# Strange hummin after installing 3 Noctua NF-P12 Redux



## codis79 (Jul 25, 2013)

So I decided to upgrade my cooling with 3 new Noctua NF-P12's. I've got one venting out the back, two pulling air in through a filter on the top, and two stock fans that came with my Cooler Master case pull in through a filter on the front. As far as cooling goes, my temps dropped 13c, so that was a victory. Unfortunately, there's now a strange pulsating hum coming from the case. It almost sounds like someone waving a tuning fork around. I've been trying to isolate it, and I'm about to start unplugging fans one by one, but I thought I should check to see if anyone has any thoughts and what could be causing this.


----------



## oscer1 (Jan 27, 2010)

I think I would turn fan on top the other way and see if it stops.


----------



## Bill_Bright (Dec 17, 2004)

No need to unplug fans. 

Try this. "Gently" press your finger on the center hub of each fan, one at a time, just for a second or two. This will momentarily slow down the rotation speed of the fan that will change the pitch of the sound that fan is making. You should then be able to pinpoint which fan is making the offending sound. 

The fan bearings could be bad, or maybe a screw or screws mounting the fan are loose. 

I do think having the top and back fans as exhaust, pulling heated air out, is the best orientation. Typically, the only time top fans are intakes is when they are used to blow air through water radiators. 

That is a lot of fans, BTW. While keeping the internal components cool is absolutely essential, getting them as cool as possible is not. That is, a CPU running at 25°C will not be more stable, have better performance, or live longer than a CPU running at 50°C.


----------



## codis79 (Jul 25, 2013)

Ok, figured it out. A friend mentioned that he had a similar problem because of the hexagonal holes cut into the vents (which mine has), so he suggested moving the fans very slightly. I moved one of the top fans maybe a cm over, and it stopped. Weirdest PC problem I've ever had, but it seems to be fixed.
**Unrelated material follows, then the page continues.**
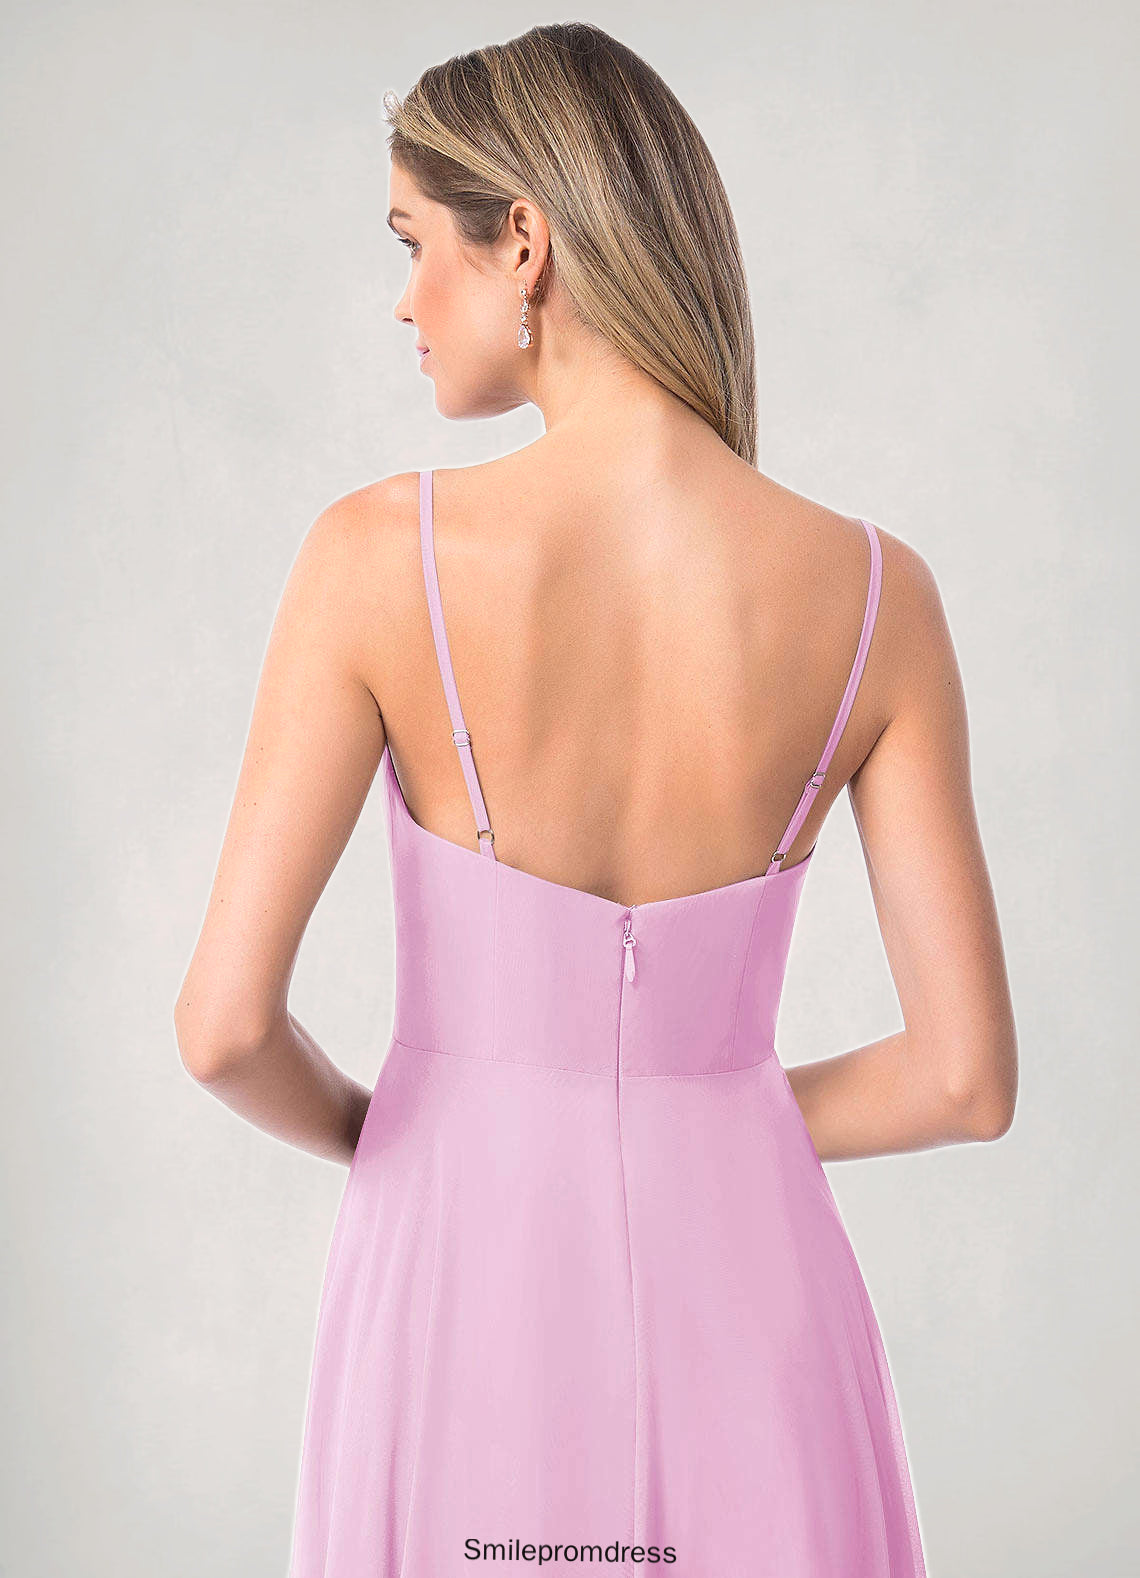 Neveah A-Line Lace Chiffon Floor-Length Dress P0019718
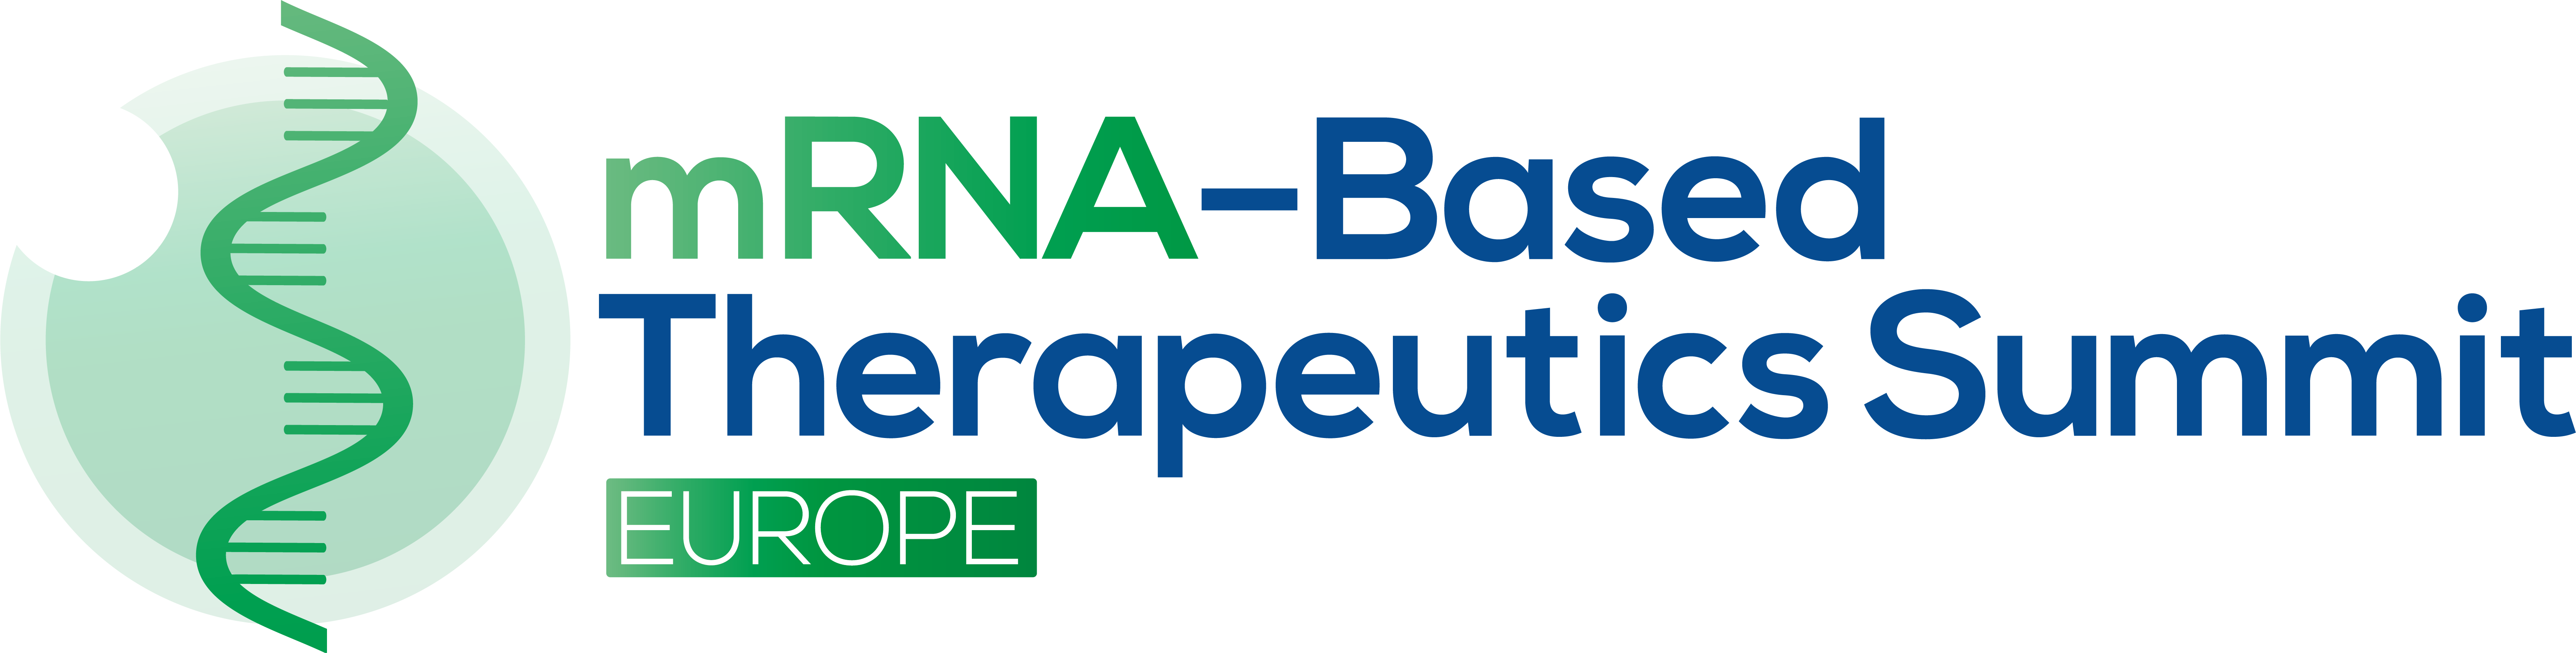 mRNA Based Therapeutics Summit Europe Styde Research LLC

Side note: True, the hardware doesn't have to be at 0c, but I got a little gung ho when I was building  Also, initially tried venting out the top as well, once with both and once staggered, but the intake option kept the temps lower overall, so I just went with it (and the filter on top catches almost everything but fine dust, which is easy to clean out).


----------



## Bill_Bright (Dec 17, 2004)

For sure, air molecules banging into vent holes in the case will make noise. Not sure how moving a fan over a CM would make a difference. It makes me think just retightening the screws might have done it. And are you sure it was a centimeter? I have never seen a case fan or a case that supported that much wiggle room. In fact, I'm surprised there's any wiggle room.


----------



## codis79 (Jul 25, 2013)

Bill_Bright said:


> For sure, air molecules banging into vent holes in the case will make noise. Not sure how moving a fan over a CM would make a difference. It makes me think just retightening the screws might have done it. And are you sure it was a centimeter? I have never seen a case fan or a case that supported that much wiggle room. In fact, I'm surprised there's any wiggle room.


Could have been a loose screw, but it sounded more like a tuning fork or very low whistle as opposed to a rattle or vibration. My case is a Cooler Master MasterBox MB311L. It has slots instead of just pre-drilled holes for all of the case fans so you can reposition them.


----------



## Bill_Bright (Dec 17, 2004)

Well, what's a tuning fork do? It vibrates. 

Thanks for that screen shot. Now I see how it could have been moved a centimeter, or quite a bit more. 

And case fans can spin pretty fast. Some well over 2000RPM which would make a 2000Hz vibrating tone. This is what 1000Hz tone sounds like (turn volume down). The link will step to 2K and higher if you let it run.


----------